Dans une peinture miniature du Rajasthan du XVIIIe siècle, maintenant au Smithsonian à Washington DC, une Radha habillée, assise sur un lit de fleurs dans une clairière encadrée par une forêt épaisse, attend son amant Krishna. C'est le crépuscule. Krishna se présentera-t-il pour ce rendez-vous ? Ou va-t-il la tenir debout ?

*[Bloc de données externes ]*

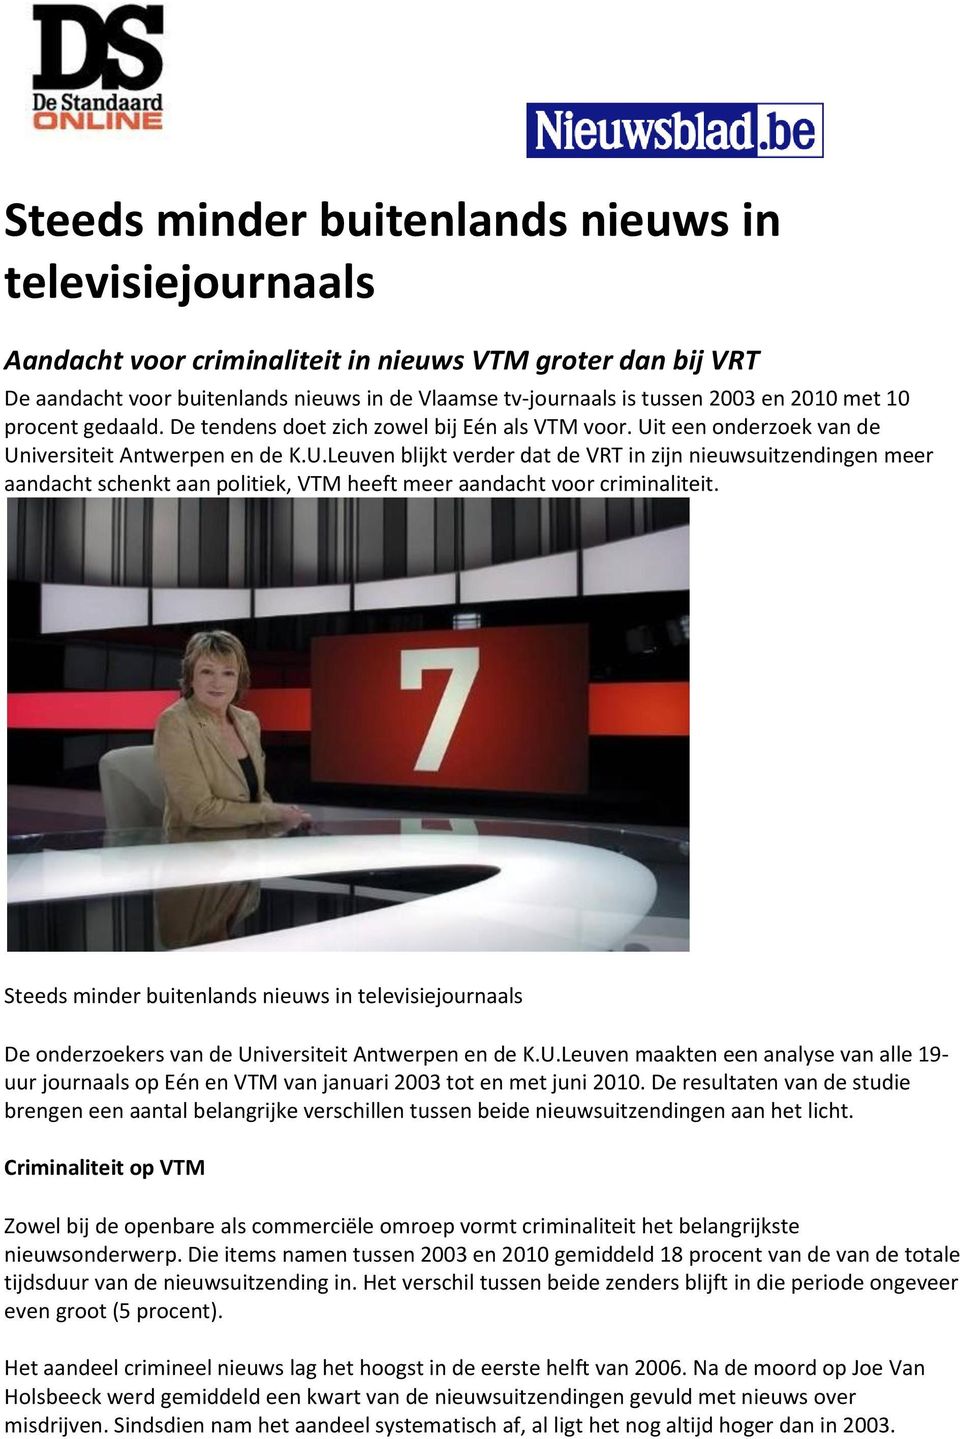 t een onderzoek van de Universiteit Antwerpen en de K.U.Leuven blijkt verder dat de VRT in zijn nieuwsuitzendingen meer aandacht schenkt aan politiek, VTM heeft meer aandacht voor criminaliteit.

La peinture fait partie d'un ragamala (un ensemble qui illustre des ragas de musique classique indienne) et exprime la douleur du désir. Le désir de Radha semble se projeter sur la forêt, sertie d'arbustes en fleurs et d'oiseaux en branches. Au lieu de vagues décorations florales, les artistes de Kota ont opté pour le détail et la spécificité – frangipanier et champaka crémeux, laurier rose, gaines épaisses de plantain, célosie veloutée et fleurs hérissées de pandanus, appelées kewra dans certaines parties de l'Inde. Nous pouvons voir la forêt parfumée, mais et si nous pouvions la sentir aussi ?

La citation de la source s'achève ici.